How to access specific start_url in Scroll CrawlSpider?

I use Scrapy, in particular Scrapy CrawlSpider to clean web links containing specific keywords. I have a rather long start_urls list that gets its records from the SQLite database, which is associated with the Django project. I want to keep cleared web links in this database.

I have two Django models, one for start URLs like http://example.com and one for cleared web links like http://example.com/website1 , http://example.com/website2 etc. All cleared web links are children of one of the start URLs in the start_urls list.
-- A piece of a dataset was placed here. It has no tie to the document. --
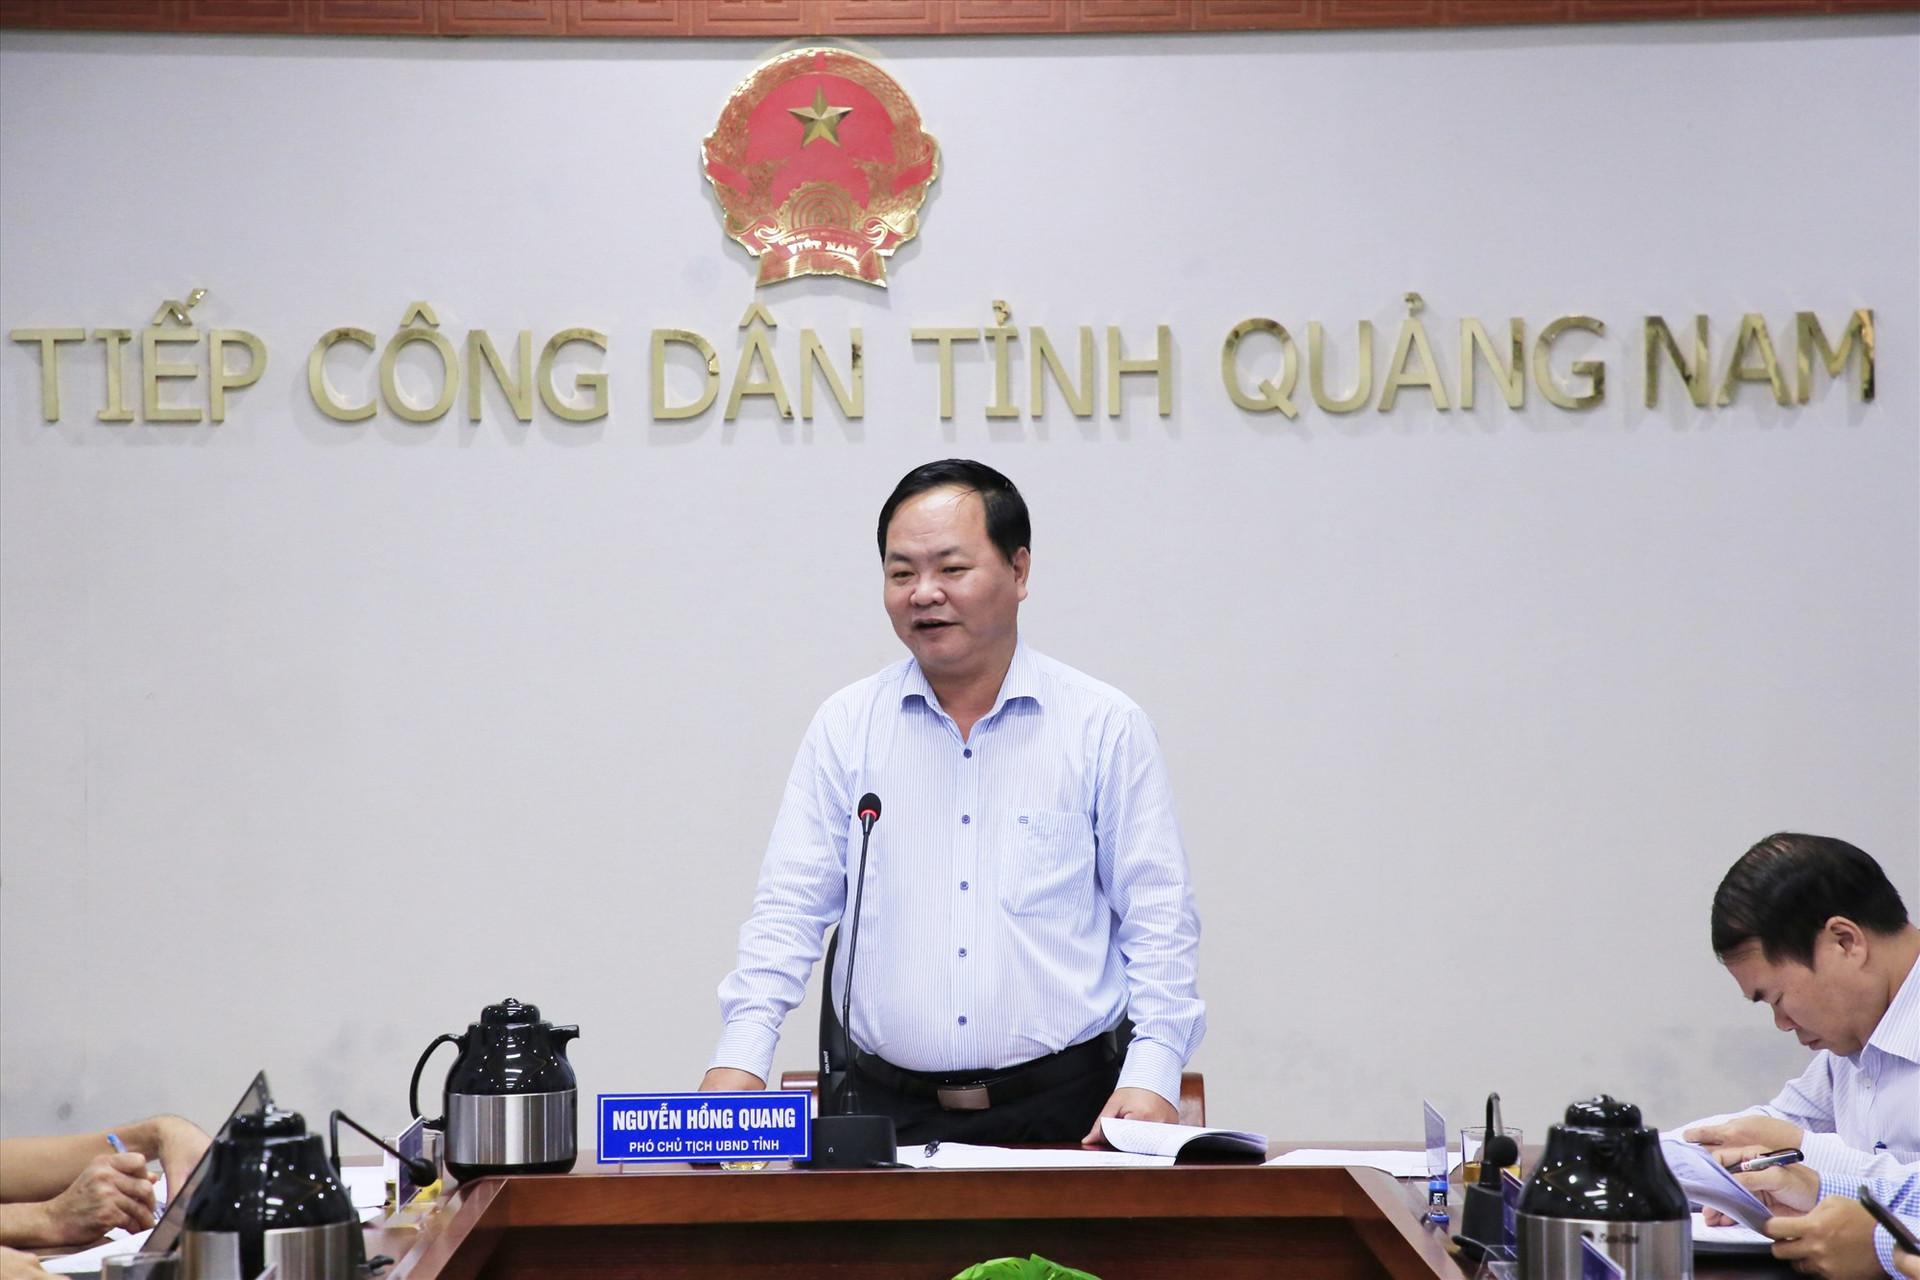 Sáng nay 20/10, Phó Chủ tịch UBND tỉnh Nguyễn Hồng Quang chủ trì buổi tiếp dân định kỳ tháng 10/2022 của UBND tỉnh. Ảnh: N.Đ

The web link model has a many-to-one relationship to the start URL model, that is, the web link model has the Beyond Key parameter for the start URL model. In order to correctly save my cleared web links in the database, I need to specify the CrawlSpider parse_item() method, which will launch the URL that the parse_item() link refers to. How can i do this? The Scrapy DjangoItem class does not help in this regard, since I still have to explicitly determine the starting URL to use.

In other words, how do I pass the currently used launch URL to the parse_item() method so that I can save it along with the corresponding cleared web links to the database? Any ideas? Thanks in advance!

+6
source share
3 answers

By default, you cannot access the source URL.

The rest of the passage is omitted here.